Oct 20 09:57:50 beryllium postgres[10119]: 2022-10-20 09:57:50.276 CEST [10119] LOG:  duration: 2.190 ms  parse sqlx_s_1: ANALYZE
Oct 20 09:57:50 beryllium postgres[10119]: 2022-10-20 09:57:50.276 CEST [10119] LOG:  duration: 0.004 ms  bind sqlx_s_1: ANALYZE
Oct 20 09:57:50 beryllium postgres[10119]: 2022-10-20 09:57:50.328 CEST [10119] LOG:  duration: 52.682 ms  execute sqlx_s_1: ANALYZE
Oct 20 09:57:50 beryllium postgres[10119]: 2022-10-20 09:57:50.329 CEST [10119] LOG:  duration: 0.005 ms  bind sqlx_s_1: ANALYZE
Oct 20 09:57:50 beryllium postgres[9977]: 2022-10-20 09:57:50.599 CEST [9977] LOG:  server process (PID 10119) was terminated by signal 11: Segmentation fault
Oct 20 09:57:50 beryllium postgres[9977]: 2022-10-20 09:57:50.599 CEST [9977] DETAIL:  Failed process was running: ANALYZE
Oct 20 09:57:50 beryllium postgres[9977]: 2022-10-20 09:57:50.599 CEST [9977] LOG:  terminating any other active server processes
Oct 20 09:57:50 beryllium postgres[9977]: 2022-10-20 09:57:50.599 CEST [9977] LOG:  all server processes terminated; reinitializing
Oct 20 09:57:50 beryllium postgres[10133]: 2022-10-20 09:57:50.610 CEST [10133] LOG:  database system was interrupted; last known up at 2022-10-20 09:57:27 CEST
Oct 20 09:57:50 beryllium postgres[10133]: 2022-10-20 09:57:50.610 CEST [10133] LOG:  database system was not properly shut down; automatic recovery in progress
Oct 20 09:57:50 beryllium postgres[10133]: 2022-10-20 09:57:50.610 CEST [10133] LOG:  redo starts at 0/CCAFC0C0
Oct 20 09:57:50 beryllium postgres[10133]: 2022-10-20 09:57:50.611 CEST [10133] LOG:  redo done at 0/CCB2FF70 system usage: CPU: user: 0.00 s, system: 0.00 s, elapsed: 0.00 s
Oct 20 09:57:50 beryllium postgres[9977]: 2022-10-20 09:57:50.614 CEST [9977] LOG:  database system is ready to accept connections
Oct 20 09:57:50 beryllium postgres[10139]: 2022-10-20 09:57:50.615 CEST [10139] LOG:  TimescaleDB background worker launcher connected to shared catalogs

fabriziomello · 2022-10-21T17:54:33Z

@kyrias thanks for all the information. I know what's happening based on your info and stacktrace but I can't reproduce it yet. Can u share a bt full stacktrace?? Another thing that can help is if you can share your database schema (aka pg_dump -s).

kyrias · 2022-10-21T22:08:21Z

The same thing happens with an entirely empty database with only the extension created.

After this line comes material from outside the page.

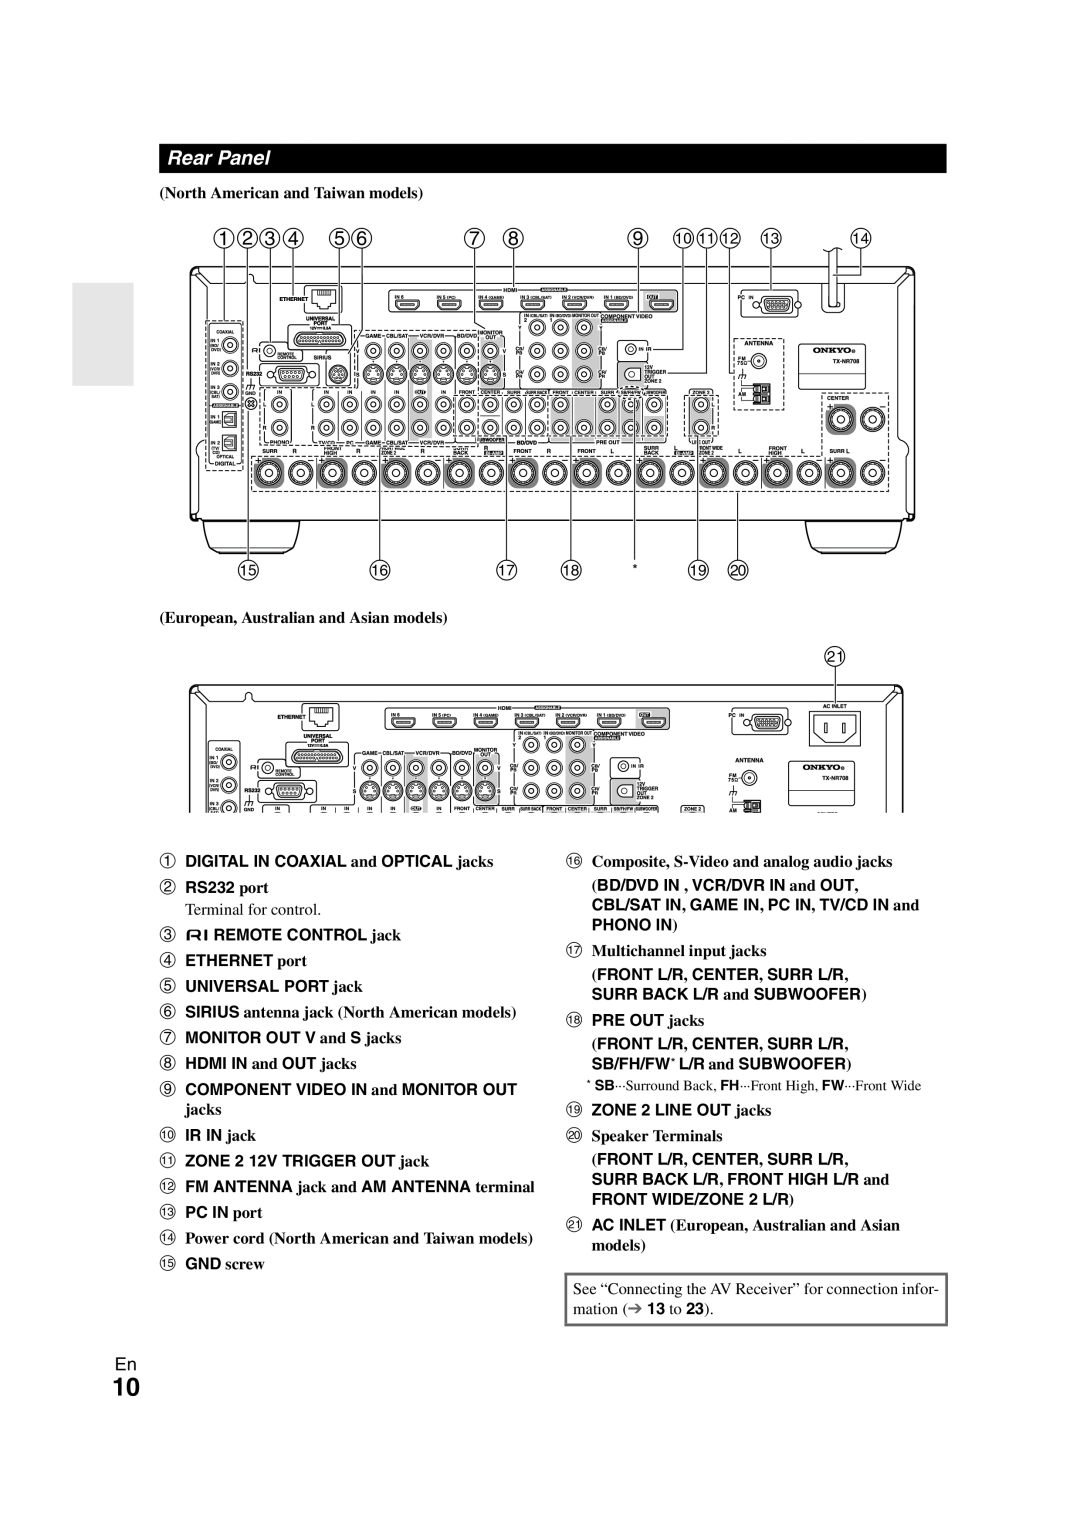 Onkyo TX-NR708 instruction manual abcd ef

I can reproduce it with the following:

podman run --name timescaledb -p 5432:5432 -e POSTGRES_HOST_AUTH_METHOD=trust docker.io/timescale/timescaledb-ha:pg14-latest

tar -xf foo.tar.gz
cd foo
cargo run

foo.tar.gz

kyrias · 2022-11-02T08:55:38Z

@fabriziomello Where you able to reproduce it with the above instructions?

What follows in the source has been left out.